* _Raw data_
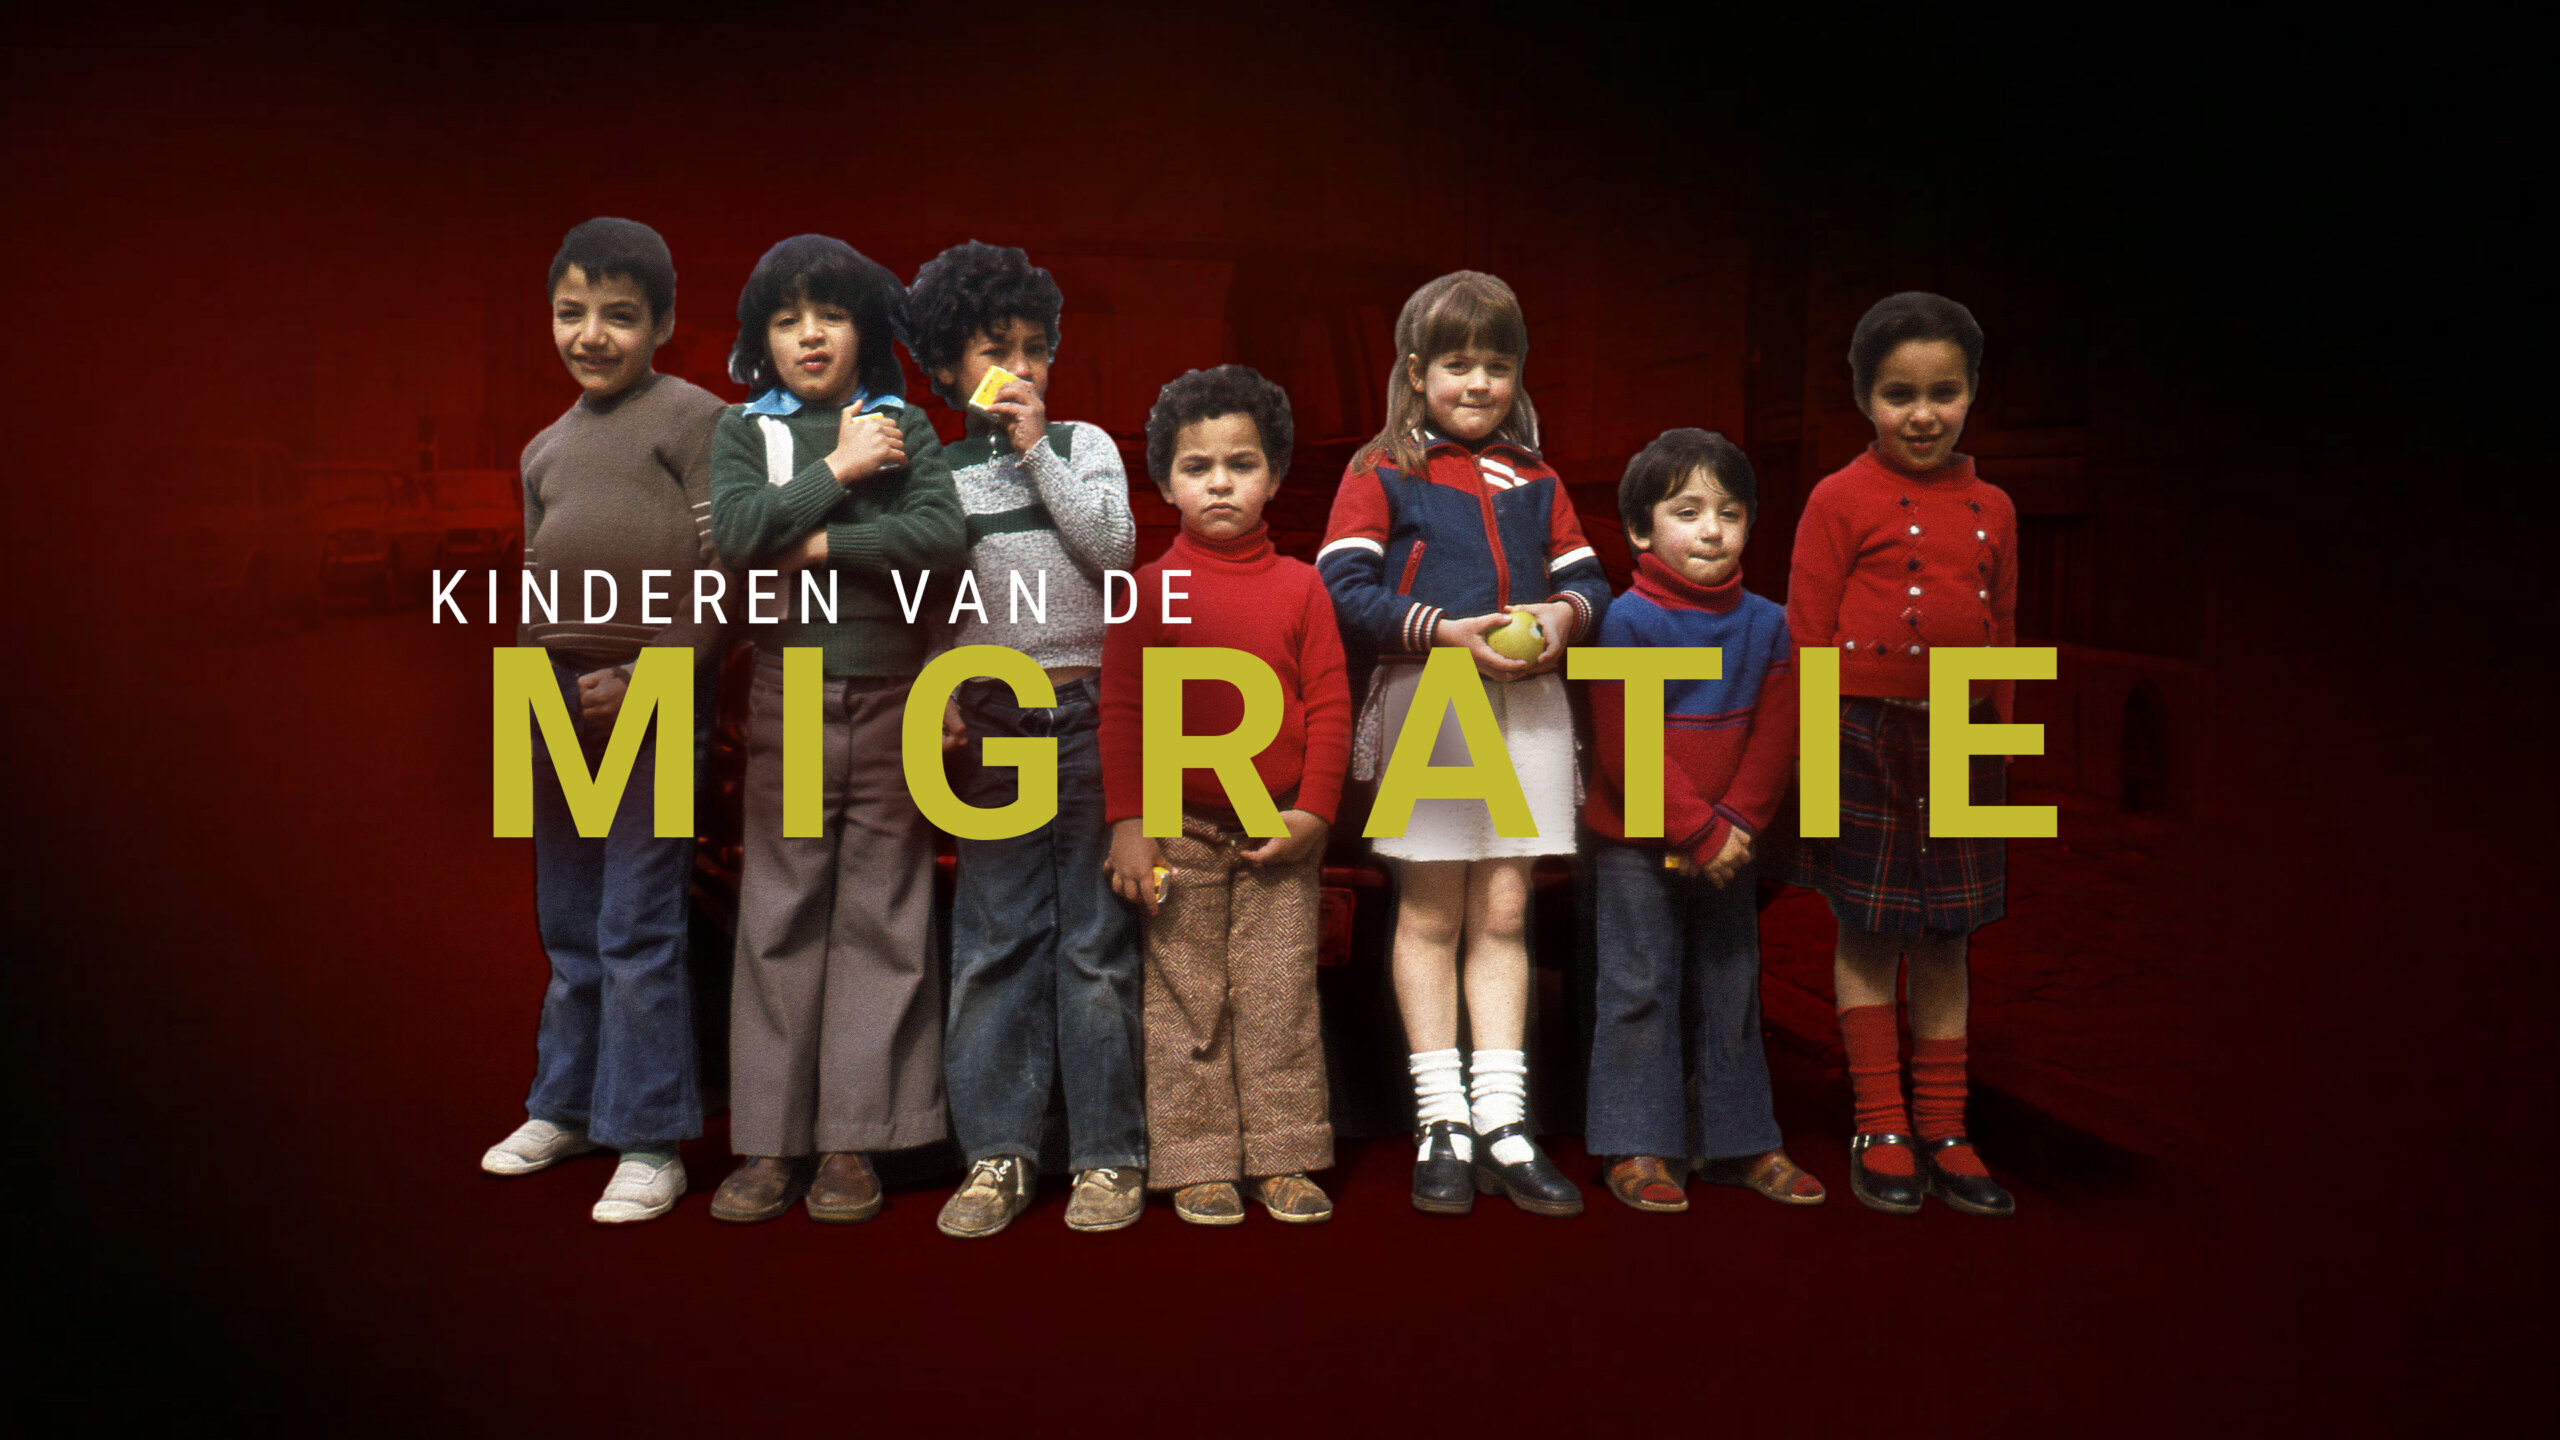 Kinderen van de migratie
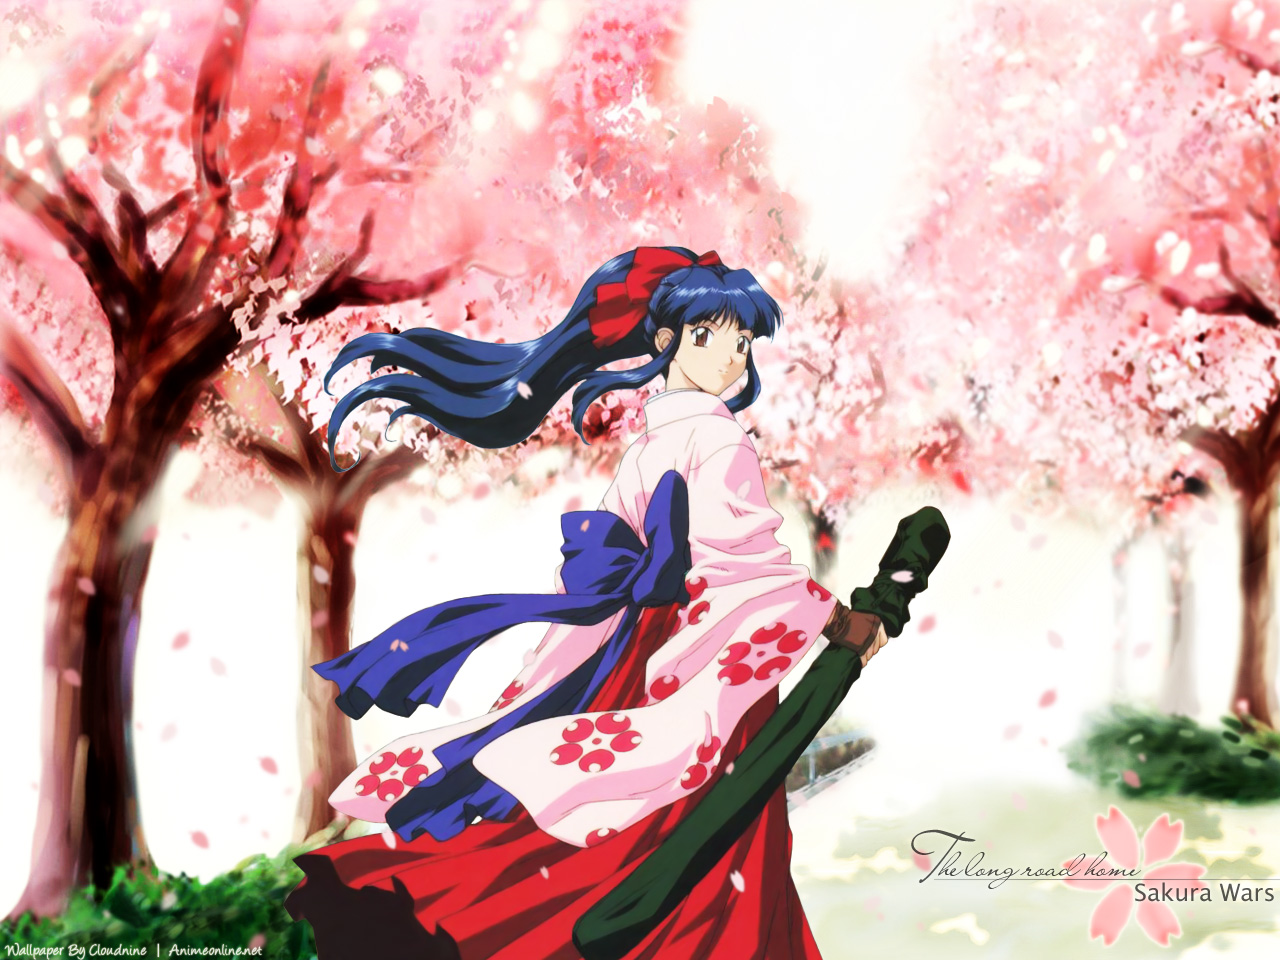 Download High quality Sakura Wars wallpaper / Anime / 1280x960
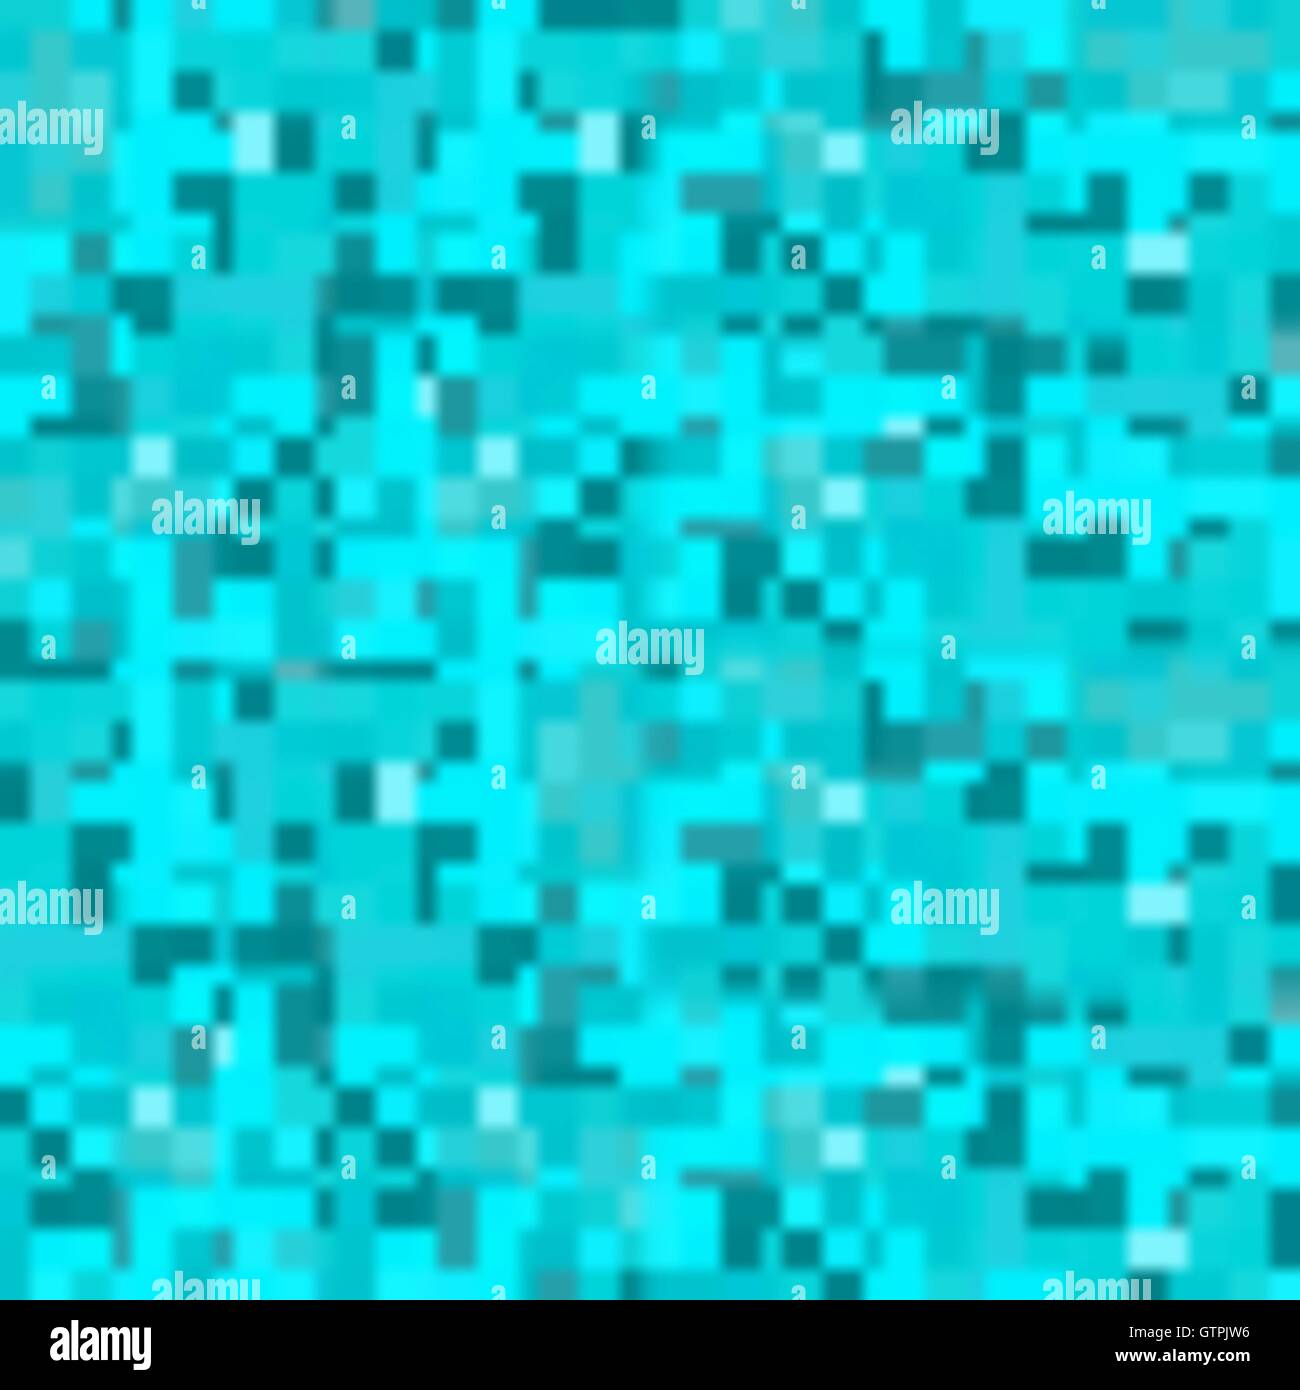 Vektor Blautönen modernes Design Pixel Camouflage-Muster Stock Vektor

* _Exercise directions_
In your copy of the listing above, reproduce each line exactly and omit all pictures.

* _Worked solution_
 Kinderen van de migratie
 Download High quality Sakura Wars wallpaper / Anime / 1280x960
 Vektor Blautönen modernes Design Pixel Camouflage-Muster Stock Vektor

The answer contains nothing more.